Champion d'Europe et du monde de jet-ski, ce Marseillais de 40 ans devrait prendre une vingtaine de minutes pour franchir le détroit de 35 km et rallier les côtes anglaises dans la zone de St Margaret's Bay, en volant à environ 140 km/h et à 15 ou 20 mètres au-dessus de l'eau. Il doit se poser sur un bateau pour se ravitailler en kérosène après 18 km.
Vers 9h05, debout sur une sorte de plateforme, les pieds solidement coincés comme dans des chaussures de snowboard, il a décollé à la verticale, dans un vrombissement assourdissant, d'un parking proche de la plage de Sangatte-Blériot-Plage, devant plusieurs dizaines de curieux qui ont applaudi et une importante équipe de production.
Dans sa combinaison noire et rouge, le visage dissimulé derrière la visière de son casque noir, il a survolé la digue puis disparu en quelques secondes à l'horizon, au dessus de la mer -où naviguaient au loin quelques voiliers-, se dirigeant grâce à un joystick tenu dans une main.
Des bateaux doivent le suivre jusqu'à son atterrissage près de Douvres. Il doit revenir en France pour une conférence de presse à 14h00.
Entouré de son équipe, il a préalablement reconnu les lieux ; un couloir était interdit d'accès au public et à la presse, réservé à son équipe de tournage qui le filme notamment par hélicoptère.
Le "Flyboard", une machine volante autonome alimentée en kérosène stocké dans son sac à dos, est doté de cinq mini-turboréacteurs qui lui permettent de décoller et d'évoluer jusqu'à 190 km/h debout dans les airs, avec une autonomie d'une dizaine de minutes.
Pour cette traversée de la Manche, large de quelque 35 km, il devra donc se ravitailler en route côté anglais, à 18 km des côtes françaises, en se posant sur un bateau pour changer de sac à dos.

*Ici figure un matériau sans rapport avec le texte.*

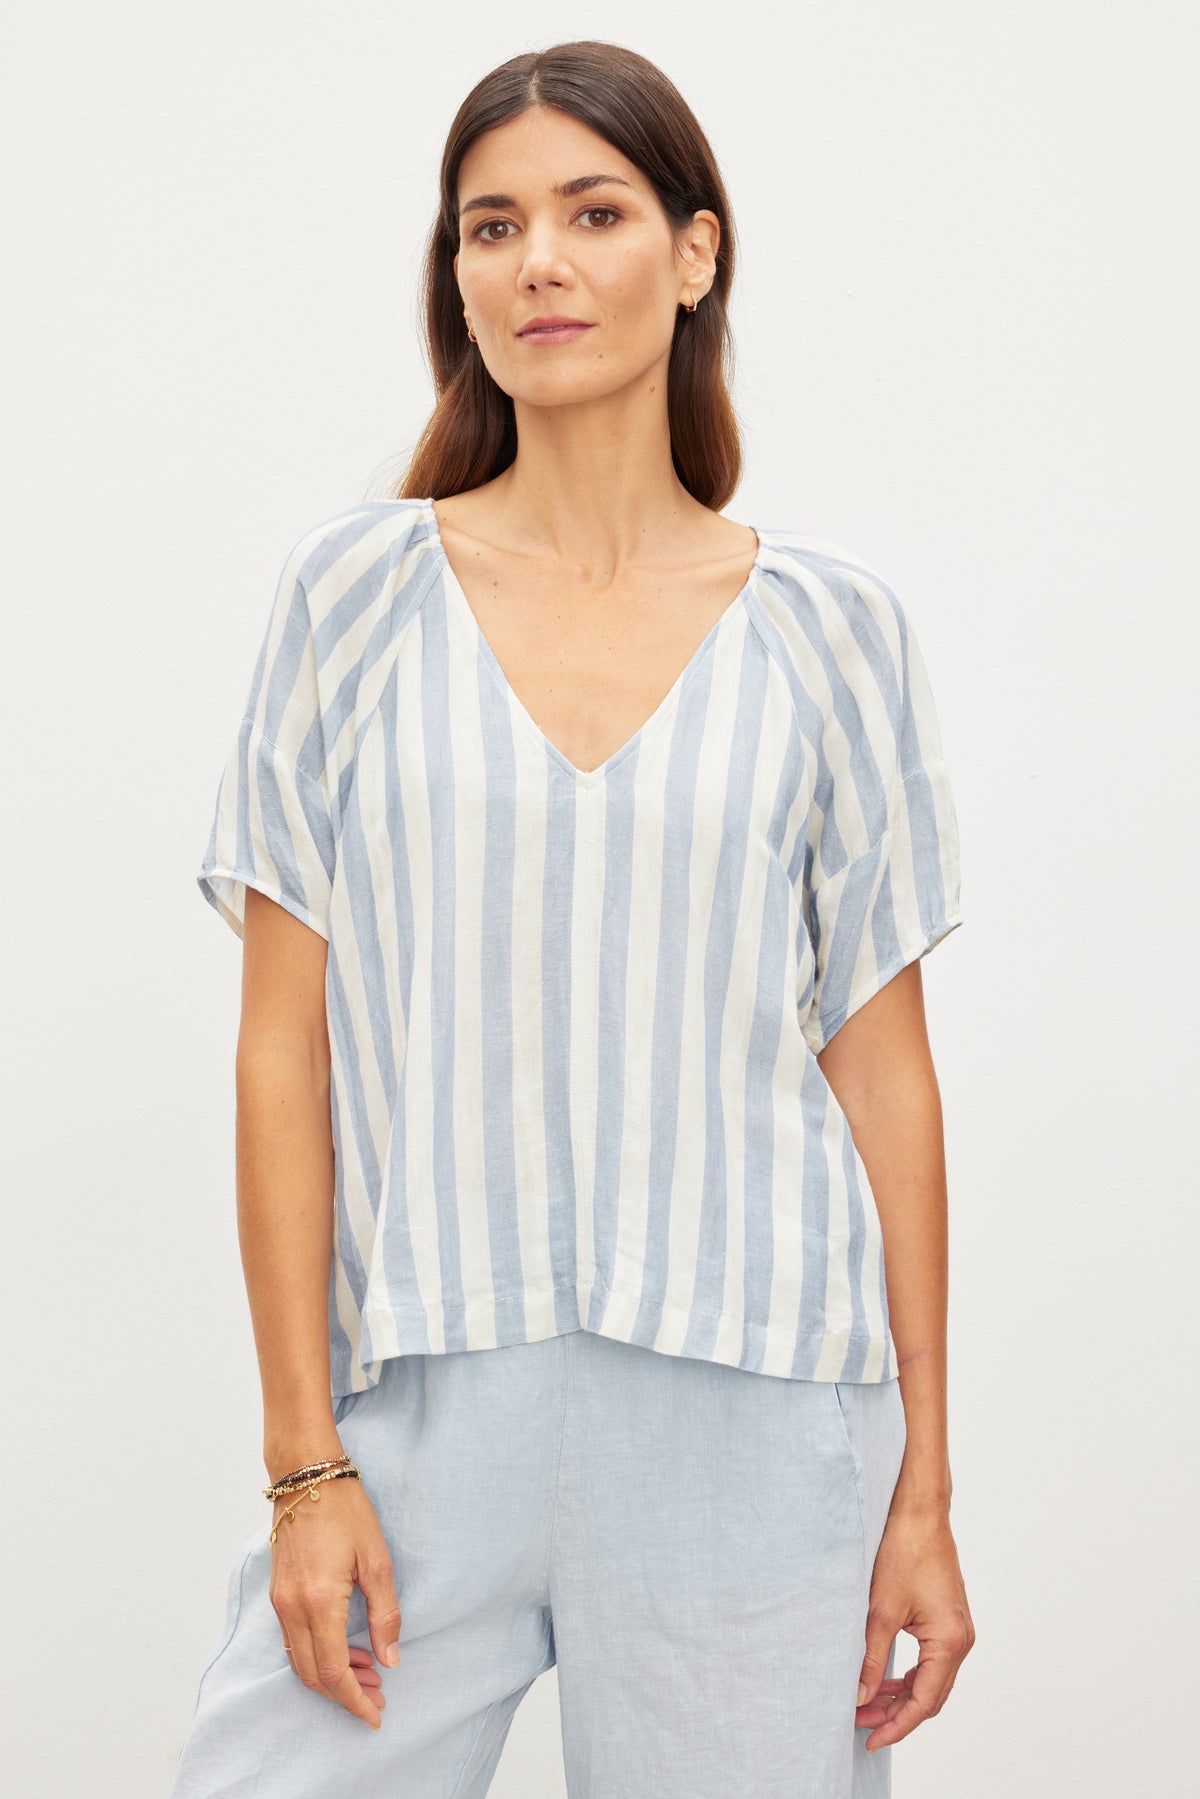 Velvet Katy Stripe Linen Puff Sleeve Top - Sky Clothing - Tops - Shirts - Blouses - Blouses Top Price by Velvet | Grace the Boutique

Franky Zapata a en effet dû revoir la logistique après "l'avis défavorable" émis début juillet par les autorités françaises qui pointaient notamment la "dangerosité" de la zone et son trafic particulièrement dense. Elle l'a finalement levé mardi soir après avoir obtenu de "nombreuses garanties" concernant la "sécurité".
"Challenge physique et technique"
"Traverser la Manche est un challenge physique et technique que nous préparons depuis six mois. Il a fallu notamment repousser les limites de consommation de la machine", a déclaré M. Zapata mercredi lors d'essais sur le littoral, fier d'avoir "créé une nouvelle manière de voler".
Le 14 juillet, lors du défilé militaire sur les Champs-Elysées, Franky Zapata avait offert un épatant spectacle futuriste: fusil en main, il avait volé à plusieurs dizaines de mètres du sol sur son invention, "100% développée en France" au Rove (Bouches-du-Rhône).
En 2017 pourtant, il avait été cloué au sol plusieurs mois par les autorités, faute de d'avoir respecté les règles de sécurité et d'homologation.
Depuis, son invention a été exhibée fin 2018 au Forum Innovation Défense de Paris: lors d'une démonstration des forces spéciales, le Flyboard Air avait été utilisé comme plateforme pour un tireur d'élite positionné en appui de commandos partis à l'assaut depuis des embarcations sur la Seine.
Cette plateforme volante propulsée par cinq réacteurs à jet d'air intéresse les forces spéciales françaises, qui y voient du "potentiel pour un emploi dans les opérations spéciales en zone urbaine".
Avant de créer son "Flyboard Air", M. Zapata "volait" déjà sur l'eau avec son premier Flyboard aquatique. La planche était alors "propulsée au-dessus d'un plan d'eau par le jet de la turbine d'une moto marine".
En 1909, l'exploit de Louis Blériot avait jeté les bases de l'aéronautique moderne. Parti à 04H41 le 25 juillet du hameau des Baraques à Sangatte (rebaptisé Blériot-Plage en 1936), il avait posé son aéroplane à 05H18 dans une prairie, au pied du château-fort qui domine le port de Douvres, après avoir couvert en 37 minutes les 43 km à la vitesse moyenne de 65 km/h.